Baralai pulls the tent flap open a crack and slips through without looking back, blessing the night for casting invisibility on his rebellion. Those on watch are faced away, and unaware of his silent approach. Sneaking within range, Baralai licks his lips and mouths the spell, smiling when he sees them slump forward with their heads hanging down.

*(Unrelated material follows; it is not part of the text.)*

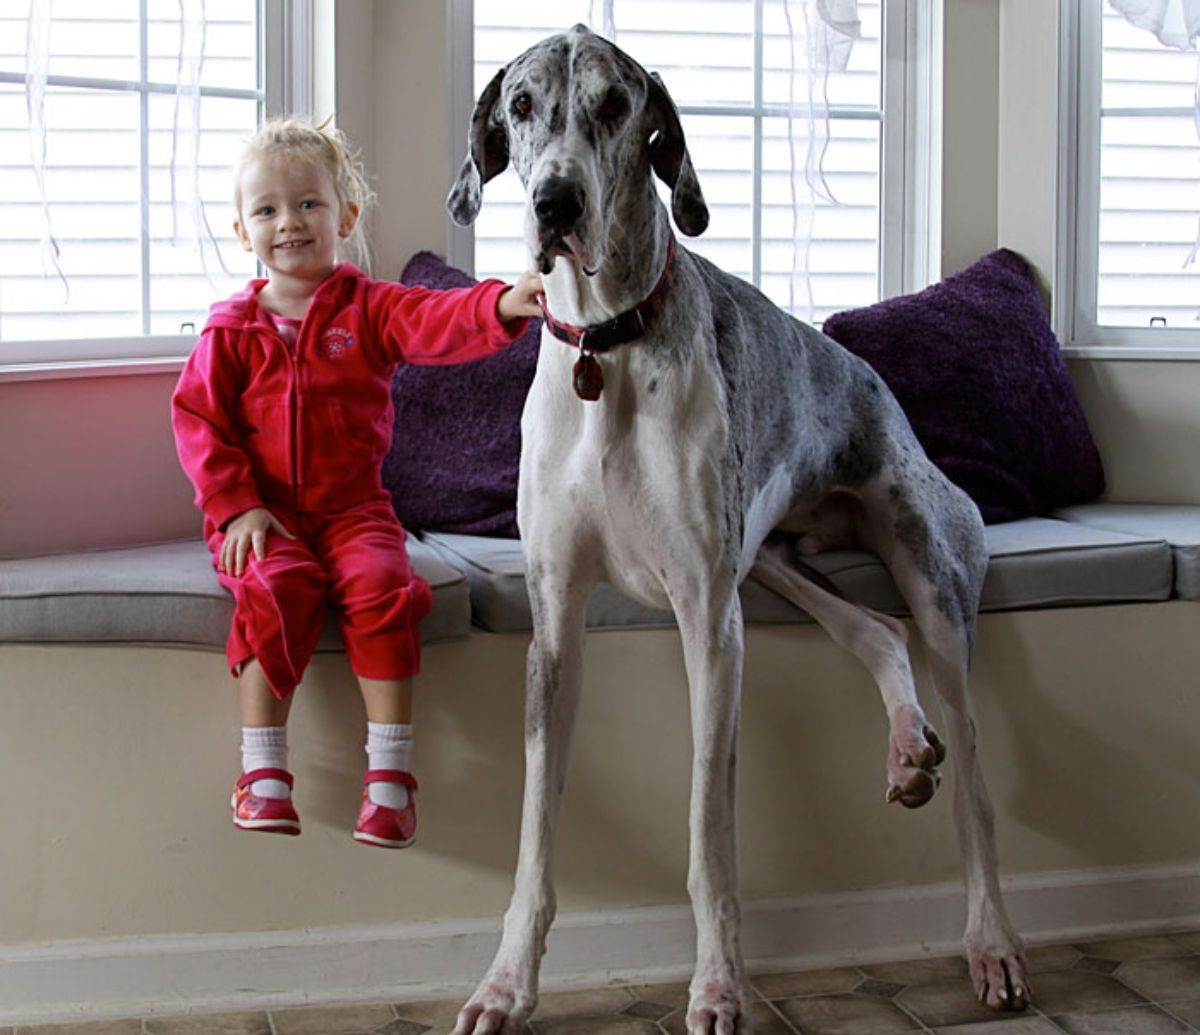 little girl sitting on a windowseat next to a white and black great dane who is sitting on the seat with the front legs on the floor

He sprints for the dunes, hoping to reach the hill in time before someone sees him. Hustling to climb the semi-steep incline, Baralai jumps over the peak, body slamming the sand only to roll down in the most undignified manner possible. Once at the base, he sits upright and huddles to his knees, waiting for his heartbeat to regulate and breathing to normalize before standing. He hoists the binoculars at eye level and scans the kilometers ahead, counting the dark spots that move in the distance. Fiends roam more in the desert when the sun doesn't exist as their enemy, but at least he won't have to contend with the almighty Zus. Avian fiends don't function well due to their poor night vision, but in case he ever had to face them, the most effective way would be to ground one using gravity and behead it before it can take flight again.

The presence of machina units, however, confuse and concern him the most, but are easy to dispatch with Thundara spells. Machina, though? Way out here in the middle of nowhere? Were they designed by the Bevellian army as part of their training? Gippal didn't question it, yet had no problem pulling them apart with his clever thieving hands. Baralai's basic knowledge of machina dictates they will not last long operating on their own in the elements, unless are kept operational under constant maintenance...

And only one group comes to mind. Baralai lowers his binoculars, swallowing his dread. For the past week, he recalls how Maester Kinoc seemed intent on shepherding everyone in this general direction, marching further and further into the heart of the desert. What if the Maester has been using this militaristic stint as a veil for his true motive? Whatever Kinoc hopes to find, Baralai must find it first.